- Time span: 1941 – 1947

= Canadian Whites =

World War II-era Canada comic books

Canadian Whites are World War II-era comic books published in Canada that feature colour covers with black-and-white interiors. Notable characters include Nelvana of the Northern Lights, (Note: the first female Canadian superhero, predating Wonder Woman by several months) Johnny Canuck, Brok Windsor, and Canada Jack. The period has been called the Golden Age of Canadian comics.

==Background==

For the most part, the "Whites" have colour covers with interiors printed in black ink on white paper, although there are a handful of comics with colour interiors. They proliferated in Canada after the War Exchange Conservation Act restricted the importation of non-essential goods from the United States into Canada, including fiction periodicals.
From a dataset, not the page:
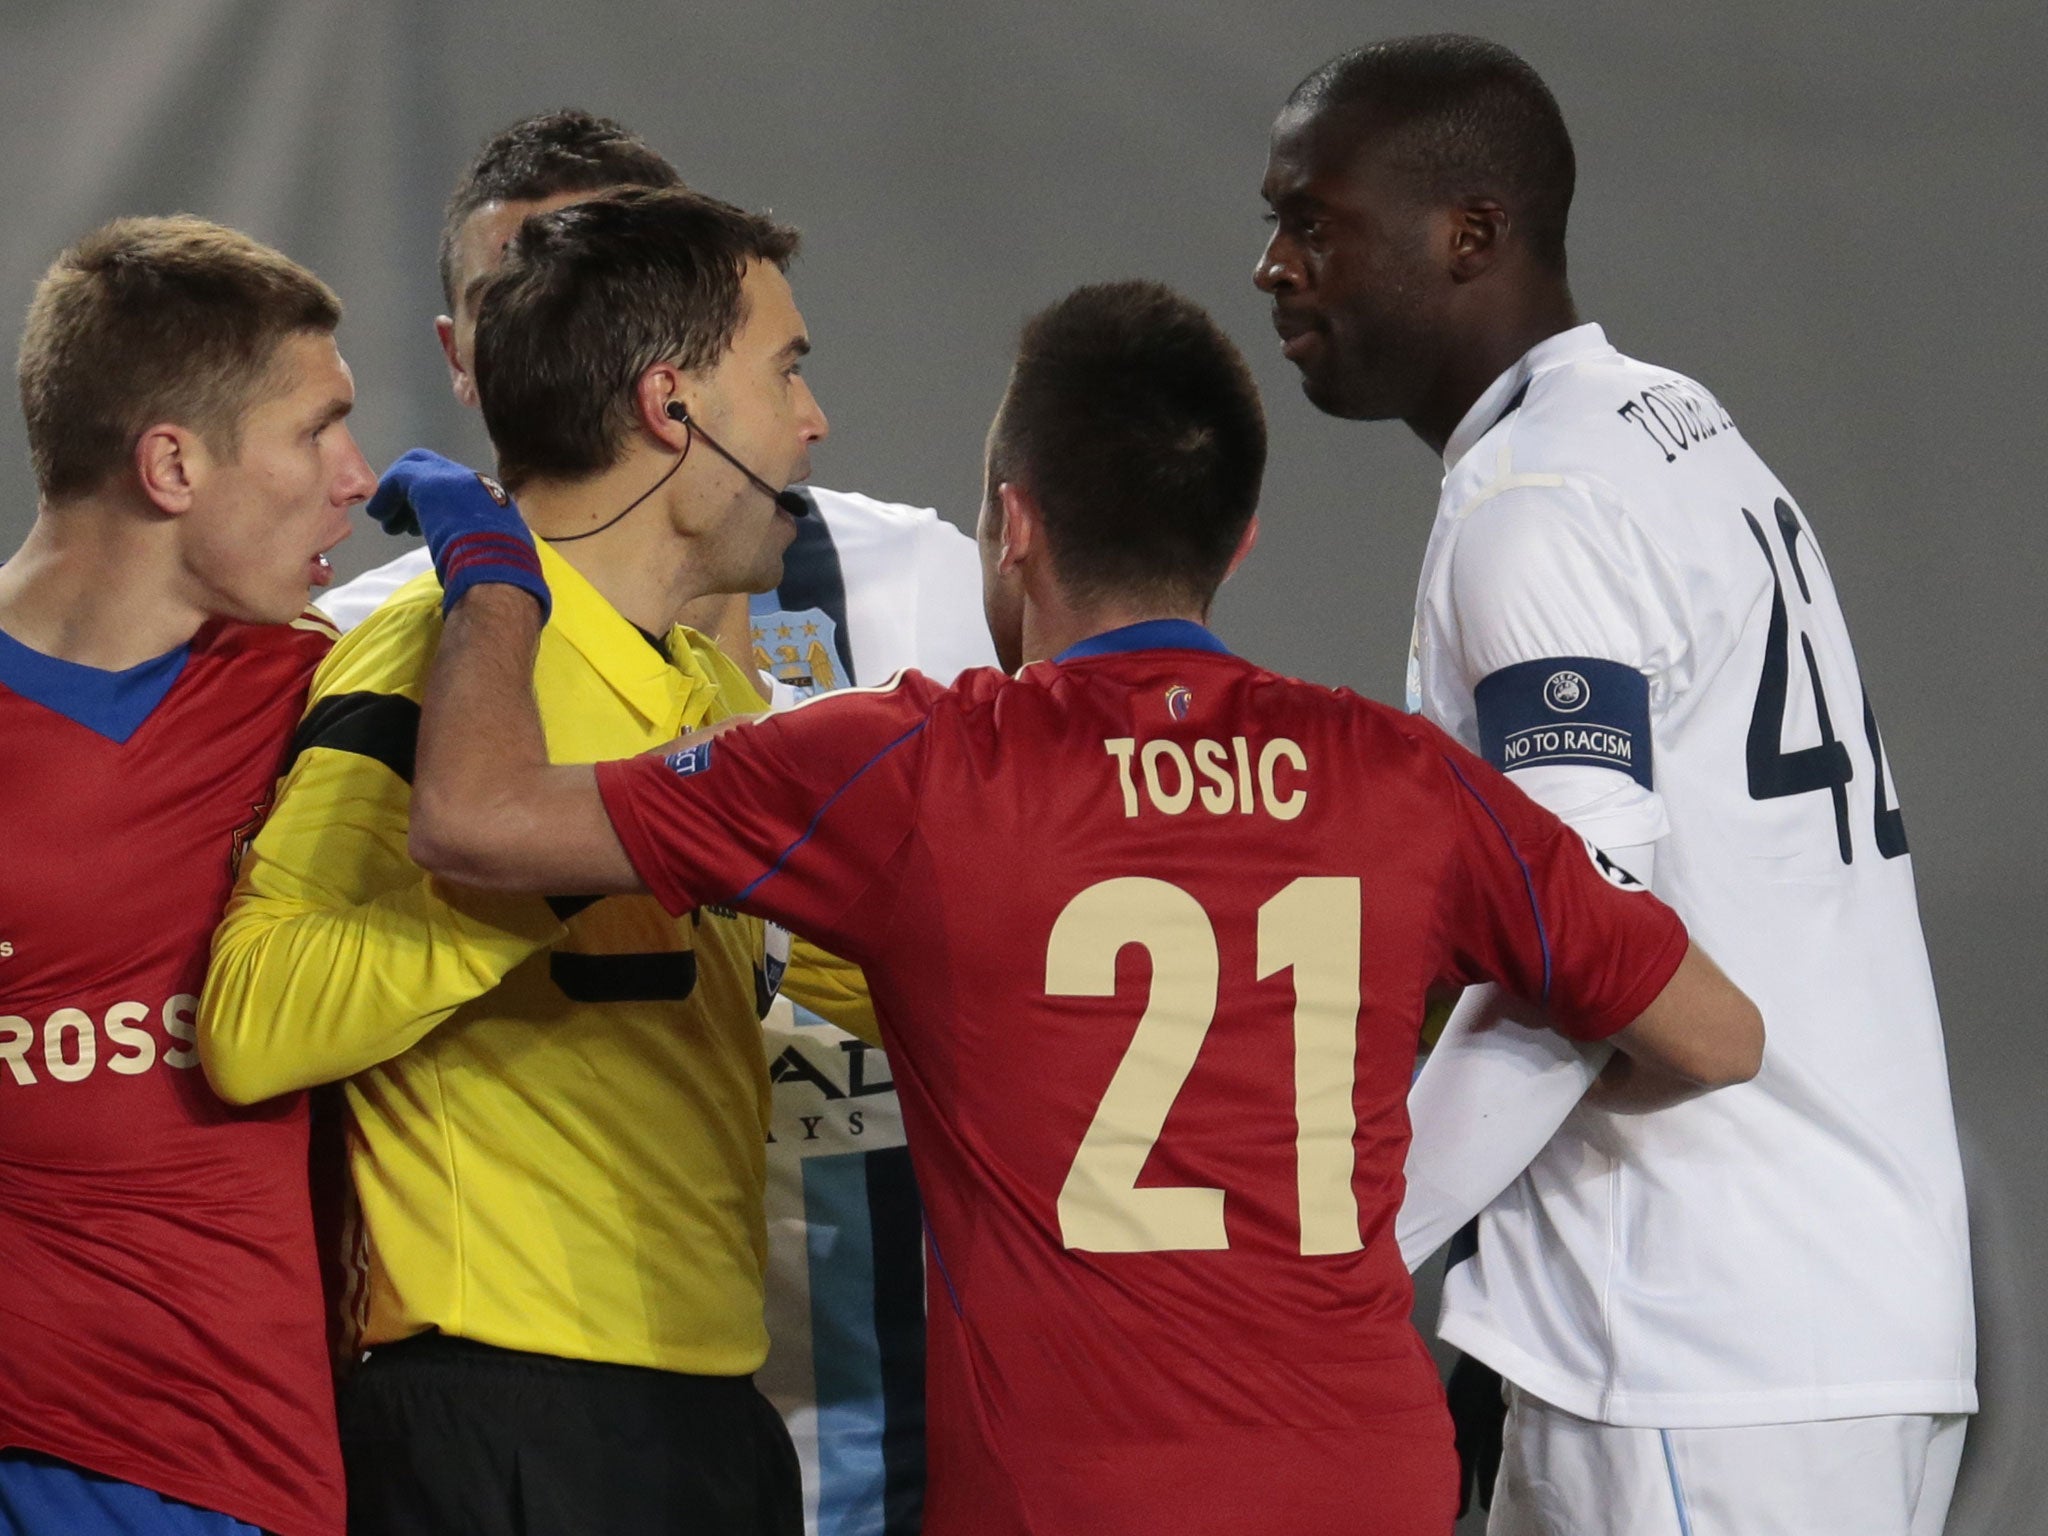 Yaya Touré tells the referee about the chanting

For this reason, this era is sometimes referred to as the "WECA period" and the comics are sometimes referred to as "WECA books."

At least four companies took advantage of the situation by publishing comics in Canada, sometimes using imported scripts. Anglo-American Publishing of Toronto and Maple Leaf Publishing in Vancouver started publishing in March 1941. Later, two other Toronto-based publishers joined in: Hillborough Studios that August, and Bell Features (originally Commercial Signs of Canada) in September.
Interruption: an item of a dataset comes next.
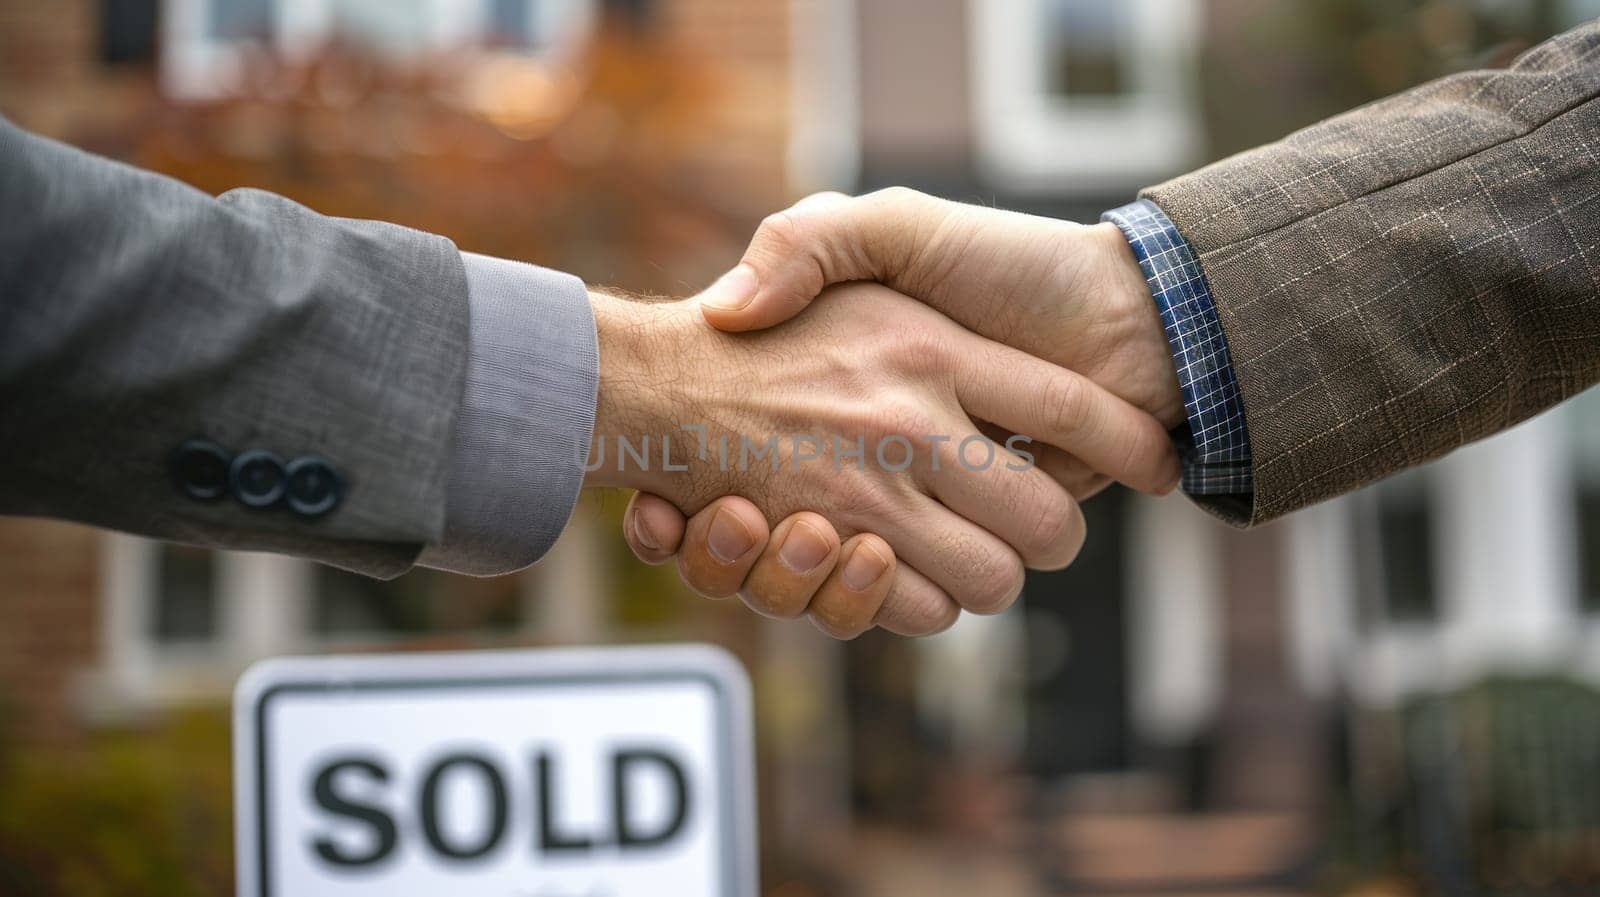 Two men shaking hands over a signed document that says Sold.

Some of the more notable "Whites" creators included Ed Furness, Ted McCall, Adrian Dingle, Gerald Lazare, Jon St. Ables, Fred Kelly, and Leo Bachle, all of whom would later be inducted into the Joe Shuster Award's Canadian Comic Book Creator Hall of Fame.

This period has been called the Golden Age of Canadian comics, but the age of the "Whites" did not last long. When the trade restrictions were lifted following World War II, (Note: the import prohibition was repealed, effective August 1, 1944, but foreign exchange controls effectively prevented American comics from returning until the end of the war. The prohibition was revived in 1947 and continued until the end of 1950.) comic books from the United States were once again able to flow across the border.

==Influence and legacy==
In their depictions of heroic positive role models, the Canadian Whites served an important propaganda function for Canadian readers during the war years.

The animation studio Nelvana took its name from Adrian Dingle's creation, and one of the studio's first productions was a documentary about the Canadian Whites, The Great Canadian Comic Books.

The rediscovery of these comics by a new generation in the 1970s inspired a slew of new Canadian superheroes over the next decades, including everything from obscure fanzines, to webcomics, to graphic novels by bestselling authors like Margaret Atwood and Ken Steacy's War Bears.

The 2014 documentary Lost Heroes: The Untold Story of Canadian Superheroes began by covering this era.